A surge of adrenaline hit her, and she spun her chair around to see the green grass of a driving range where her ship's second control stations had previously been with a bearded version of Q in full golf outfit standing on it practicing his swing.
“Q.” Raine muttered in shock. “Did I…”
Memory suddenly hit of being in the middle of a docking approaching with the Defiant, and with a sharp inhale of breath she spun back around to see only the hanging form of a green and overgrown Earth mid center on her viewscreen.
“Four!” Q yelled out, and Raine felt a golf ball whizz by mere millimeters from her cheek on it’s way out through the viewscreen.
Her eyes followed the ball for a moment as it disappeared into the distance on its trek towards Earth, and she ignored the sudden urge to set her sensors to track the ball knowing it would likely just make confusion worse.
Rising to her feet as she turned back to Q, she mentally went over the many questions she had before settling on the one she figured he was most likely to answer. “Why golf?”
“For the full experience of course.” Q answered cheerily as he pulled another ball out of somewhere and set it down on the tee. “It’s rare I feel inclined to play doctor for a mortal after all, so it would be a shame to miss out on the fun part.”
Raine supposed that logic made at least a little sense from the perspective of a being with abilities like Q, though it also brought one specific question to the fore of her mind.
“I needed a doctor?” She inquired, taking a few steps to the side so as to avoid being in the path of his next ball.
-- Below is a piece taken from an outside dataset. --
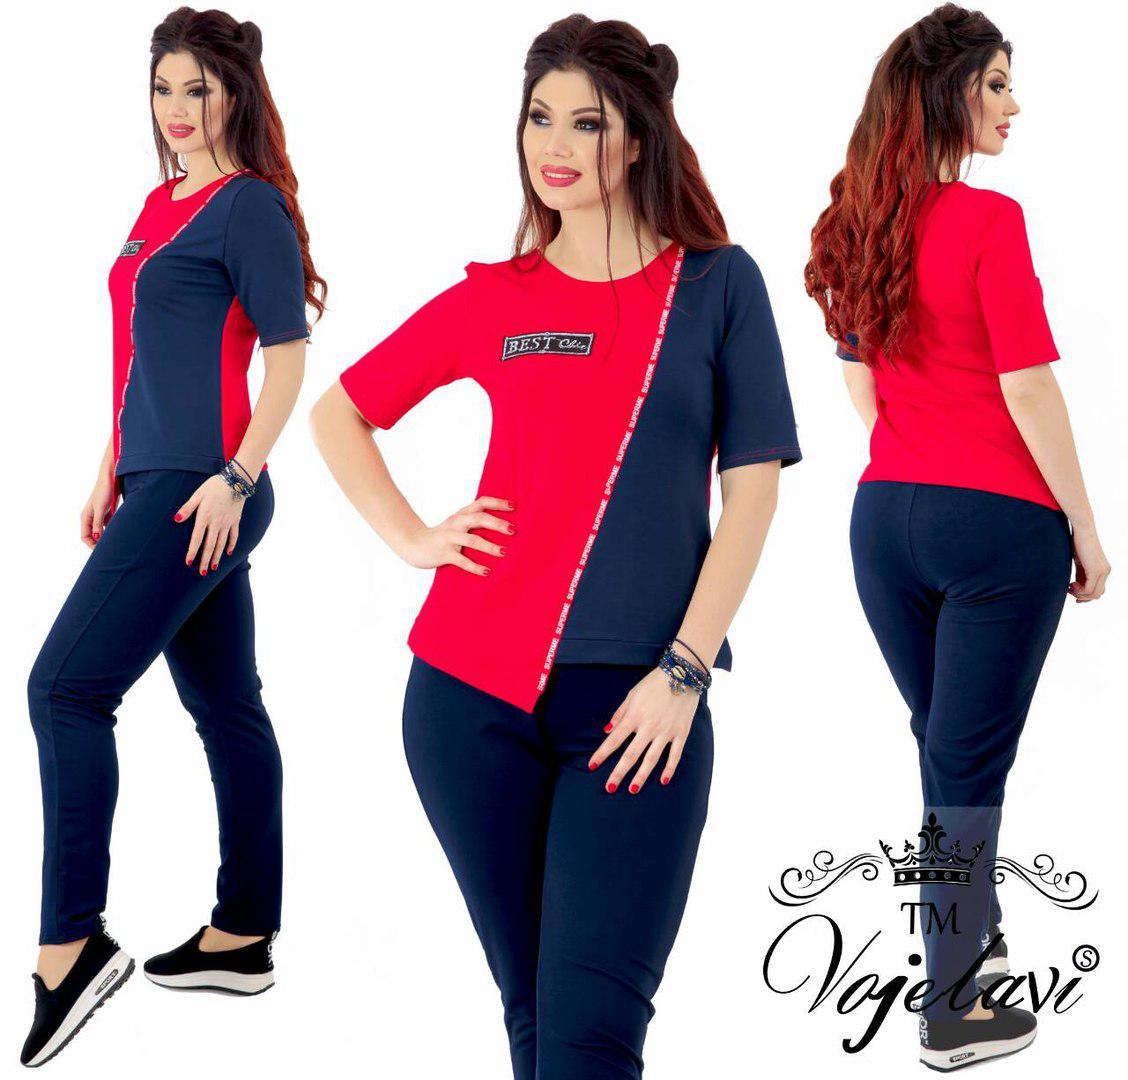 a89f6a5da4947 Женский модный спортивный костюм т.м. Vojelavi A1130G оптом и в ...
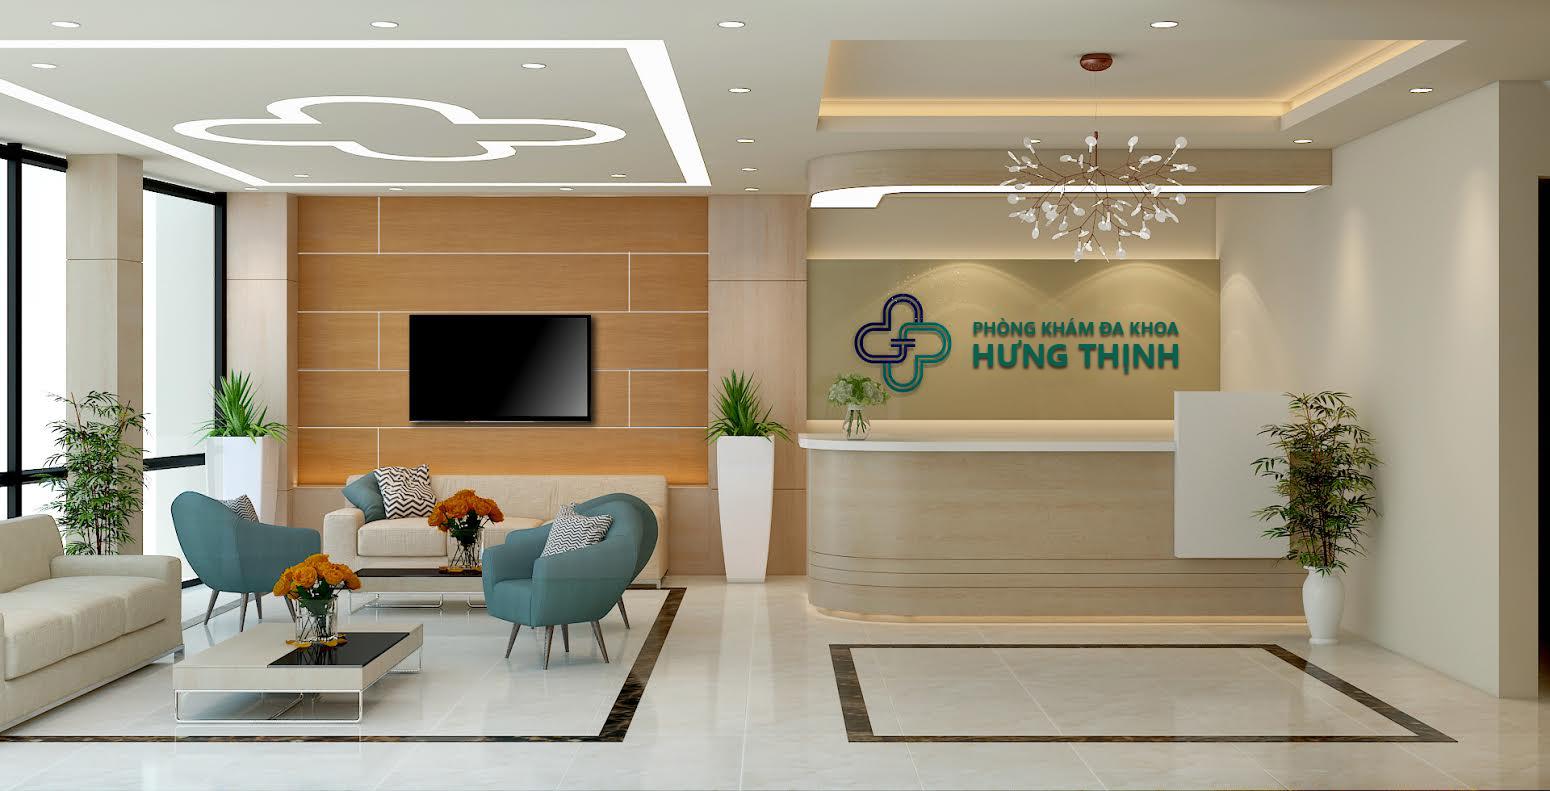 Phòng khám đa khoa Hưng Thịnh: Chất lượng và Uy tín

“Tuterian interspatial parasites.” Q confirmed as he swung again, the ball flying out the viewscreen on a similar trajectory to the last. “Their eggs began to hatch when you passed through the polarized chroniton field around Sisko’s little ship.”
“All right.” Raine said, seeing no reason not to take Q at his word. “So… Um…” She glanced back at the instantly recognizable version of Earth again before offering Q a wan smile. “Thanks for saving my life?”
“Oh, I didn’t do it for you.” Q said, pursing his lips slightly while once again tracking his golf balls path. “I did it for me.”
He leaned on his golf club and motioned at her. “See, there I was with Q, Q, and Q enjoying the aftereffects of my glorious passing from this universe when all of the sudden we're interrupted by the annoying buzz of those blue glowflies causing my favorite timeline to erase itself.”
It took Raine a moment to work out that blue glowflies was likely a derogatory name for the Prophets.
“At least it wasn't the red ones.” Raine offered in an awkward tone.
“Q would have just swatted those.” Q scoffed. “But of course the Continuum wants us to actually get along with the blue ones. As if such circular beings actually matter in the long run.”
Q snapped his fingers, and with a flash of white light the golf motif vanished and he was standing before Raine in a TNG era Starfleet uniform with Admiral's pips on its collar.
“Would you believe the only time they've ever even tried to change is with that Sisko of yours?”
Raine didn't really know what to say to that, so she just nodded in agreement, which was apparently the right answer as Q grinned back at her in response.
“Now you're probably asking yourself, what does any of this have to do with my magnanimous decision to save your life. And well, I'm amused to say it doesn't. That was just my chance to pay your other self back for the little bit of help she gave me with Picard by keeping you from killing everyone on that ship before she could return from her little temporal jaunt.”
Like a record skip, Raine's thought process ground to a halt.
“I would have done what?” She squeaked in a manner much less dignified than she intended.
“Oh yes, the crew wouldn't have stood a chance.” Q confirmed, sounding oddly amused at the thought. “Centuries of running into interdimensional rifts and strange energy fields have left you quite a bit less mortal than you would probably like.”
Frowning at his words, Raine took a moment to look over herself and confirm that she hadn’t spontaneously turned into a ball of energy or something.
“Not like that.” Q corrected, rolling his eyes at her. “Think more the angry little blond Ocampan that boring future version of you sometimes hung around with.”
The only future version of herself that Raine could ever recall running into had been the one that had taken Daniel’s place during her re-enactment of Archer’s Enterprise kicking the Sphere Builders out of their dimension. And she couldn't remember her hanging around anyone, let alone an angry Ocampan with what sounded like at least some level of cosmic power.
Though of course, given the level of psychic power Ocampans could manifest the Asari supposed there was–
Q gave an overdramatic sigh. “How about we skip past the slow realization that she blocked off your memories of encountering her and move on to the reason I'm still talking to you.”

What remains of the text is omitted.